Relationships, You & Your Family

Change, obsession and keeping up

I am not sure when it happened. Neither do I know how it happened. What I do know is its signs. What I am referring to is losing the fight with change.

It began with a feeling and then the realisation that I was having difficulty keeping up with change. Following this realisation was resignation and a slow disengagement, at least in certain aspects of life. For example, after being hounded to adopt a paperless mode of staying in touch with my bank account, I tried several times to set up a e-banking. But after several failed attempts, coupled with much frustration, I gave up.

Change, we are often told, is a constant. In order to progress—nay, survive—in the modern world, we must adapt and change. Swim with the tide of change; or be engulfed.

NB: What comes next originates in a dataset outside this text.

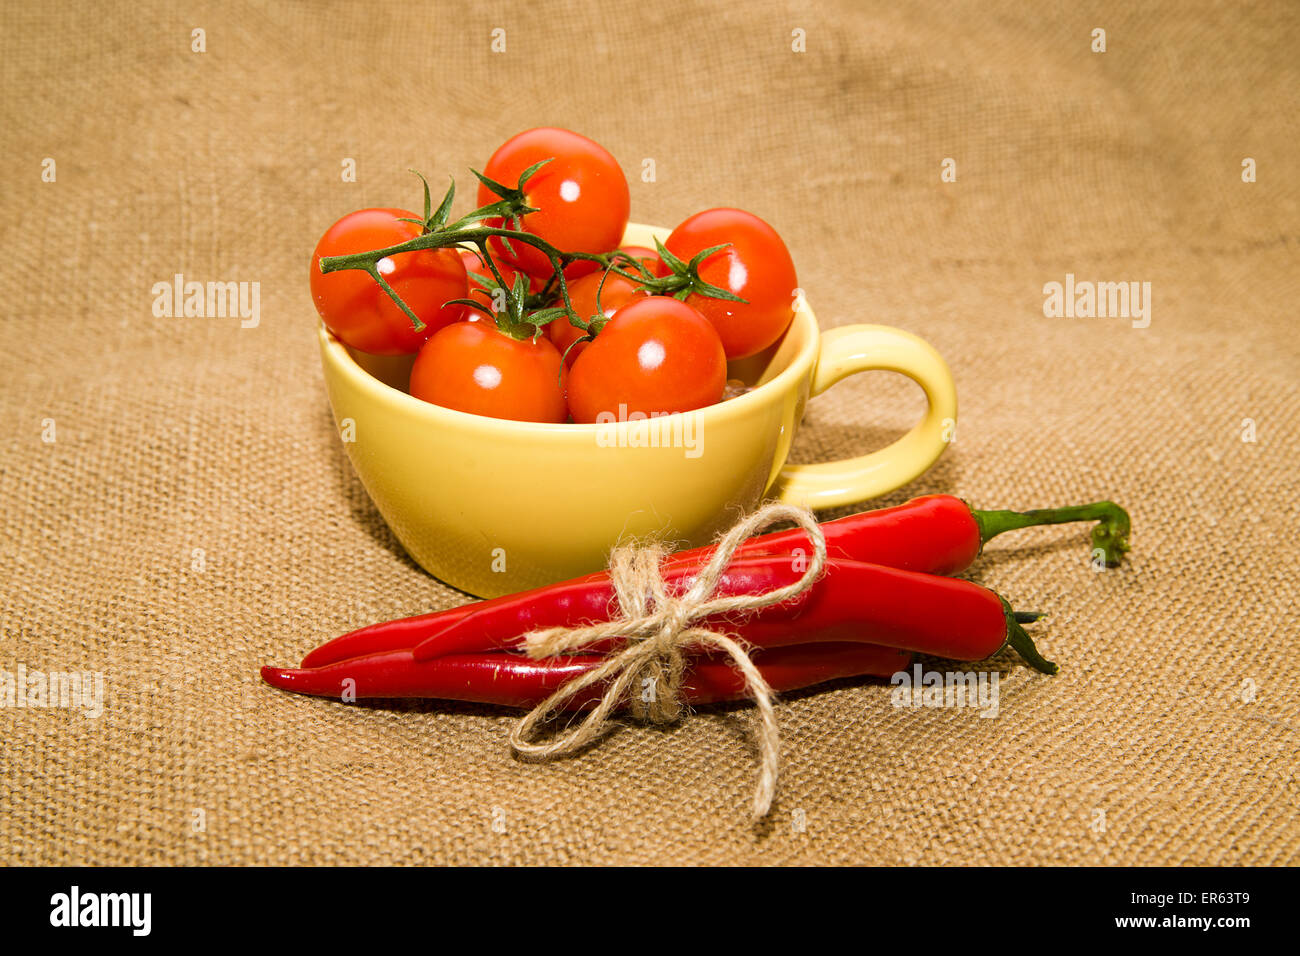 Pomodori ciliegia in una tazza di colore giallo e i peperoncini legato con una corda sul panno vecchio Foto Stock

It seems that there are two slopes on the trajectory of change. We are either on the upward incline, moving up the change curve, or on the downward decline. Emotionally, we may either feel anxious about keeping up or setting the pace of change, or be sad about losing the familiar and fearful about being able to cope.

What should our attitude towards change be? Let me make a few suggestions for consideration.

Firstly, we can embrace change and innovation. This mindset works on the premise that we can continually adapt and grow, and there is no upper limit to growth. Now, the sceptic in me reminds me that with age, my physical body knows it is not so. But what about other aspects of our lives like the cognitive and emotional? Do they “age” at the same rate and manner? There are also those who are so ready to embrace stagnation that they may actually age faster. “Use it or lose it” we are reminded. An earlier-than-useful resignation to the process of aging may lead us to reject trying new ideas and things with the excuse that we are “old already”. So, my suggestion is to adopt an attitude that is open to change and resist the urge to age before our time. When it comes, it comes; we need not rush toward it.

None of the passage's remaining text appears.